Product Hunt–style comments (not star reviews)
  • No comments yet — start the thread.
general reviews

Ratings

4.441 reviews
  • Layla Reddy· Dec 12, 2024

    Solid pick for teams standardizing on skills: file-name-wizard is focused, and the summary matches what you get after install.

  • Kwame Iyer· Dec 8, 2024

    file-name-wizard is among the better-maintained entries we tried; worth keeping pinned for repeat workflows.

  • Isabella Li· Nov 27, 2024

    Solid pick for teams standardizing on skills: file-name-wizard is focused, and the summary matches what you get after install.

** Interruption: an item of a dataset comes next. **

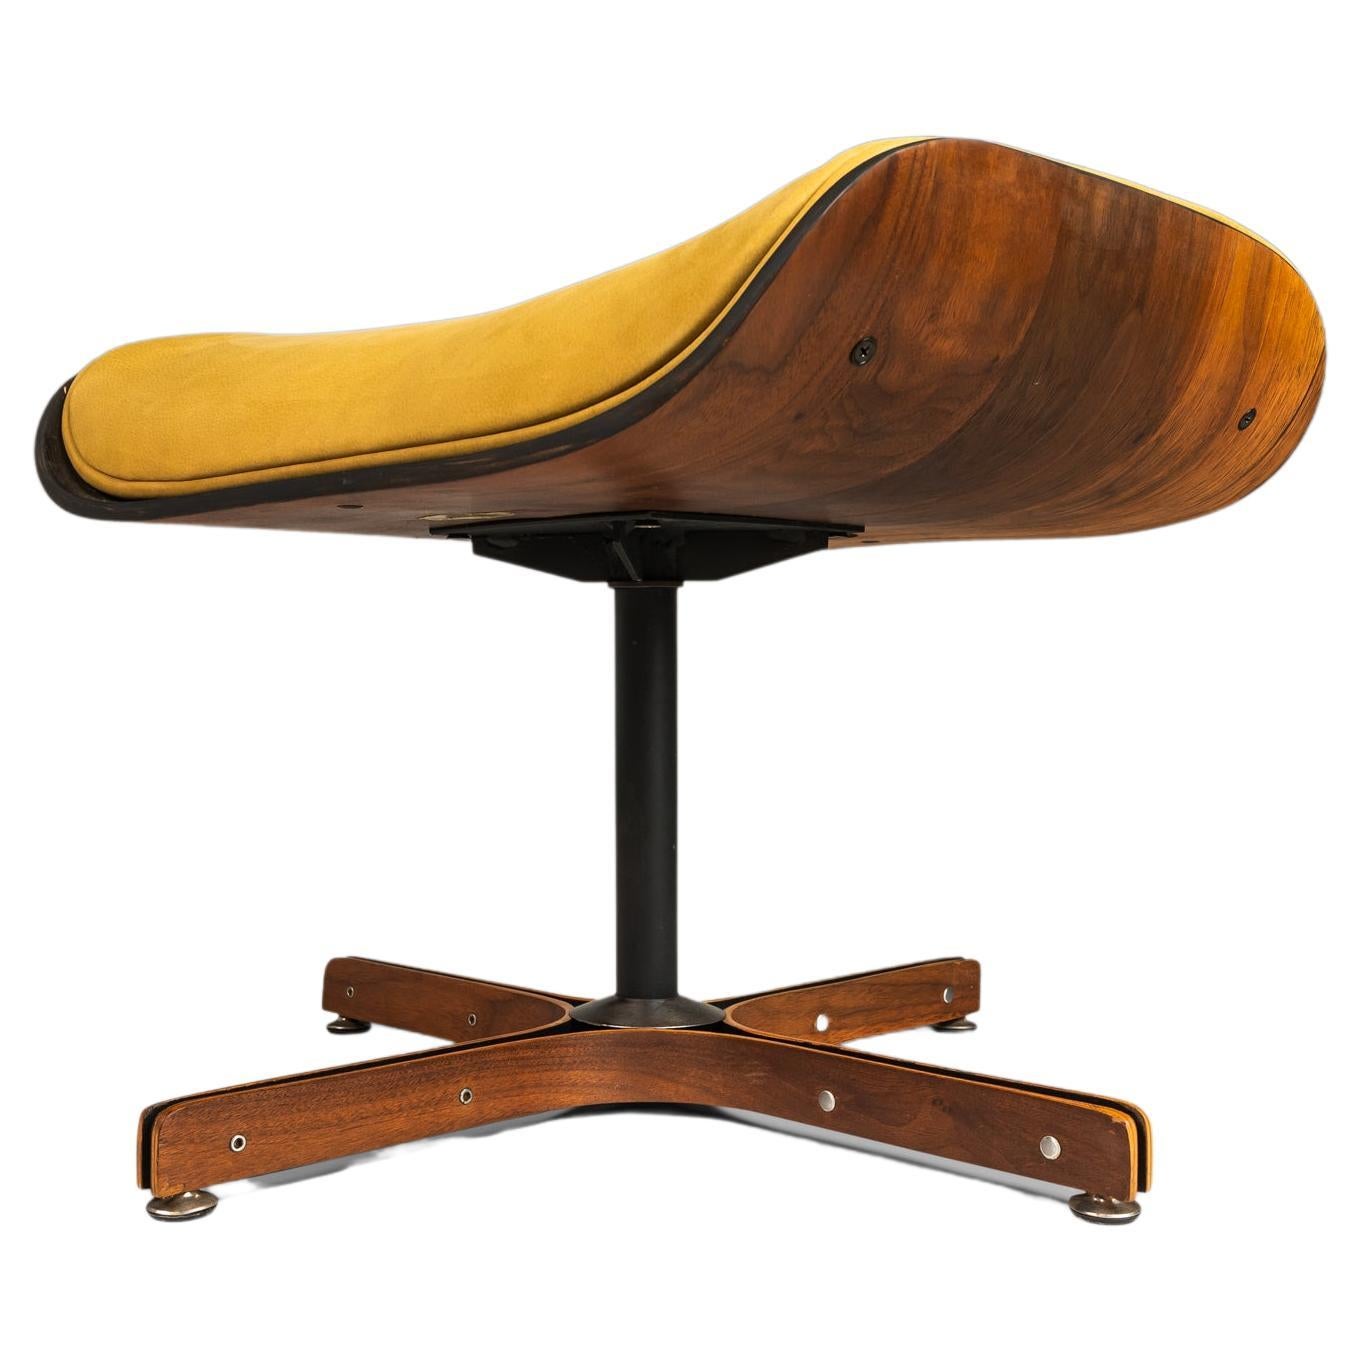 Bentwood Ottoman That Pairs Well w/ Mr. Chair Lounger by George Mulhauser, 1960s

  • Ren Desai· Nov 3, 2024

    file-name-wizard is among the better-maintained entries we tried; worth keeping pinned for repeat workflows.

  • Evelyn Harris· Oct 22, 2024

    file-name-wizard fits our agent workflows well — practical, well scoped, and easy to wire into existing repos.

  • Arya Diallo· Oct 18, 2024

    We added file-name-wizard from the explainx registry; install was straightforward and the SKILL.md answered most questions upfront.

  • Fatima Wang· Sep 13, 2024

    file-name-wizard is among the better-maintained entries we tried; worth keeping pinned for repeat workflows.

  • Rahul Santra· Sep 9, 2024

    Solid pick for teams standardizing on skills: file-name-wizard is focused, and the summary matches what you get after install.

  • Aditi Flores· Sep 1, 2024

    Registry listing for file-name-wizard matched our evaluation — installs cleanly and behaves as described in the markdown.

  • Pratham Ware· Aug 28, 2024

    We added file-name-wizard from the explainx registry; install was straightforward and the SKILL.md answered most questions upfront.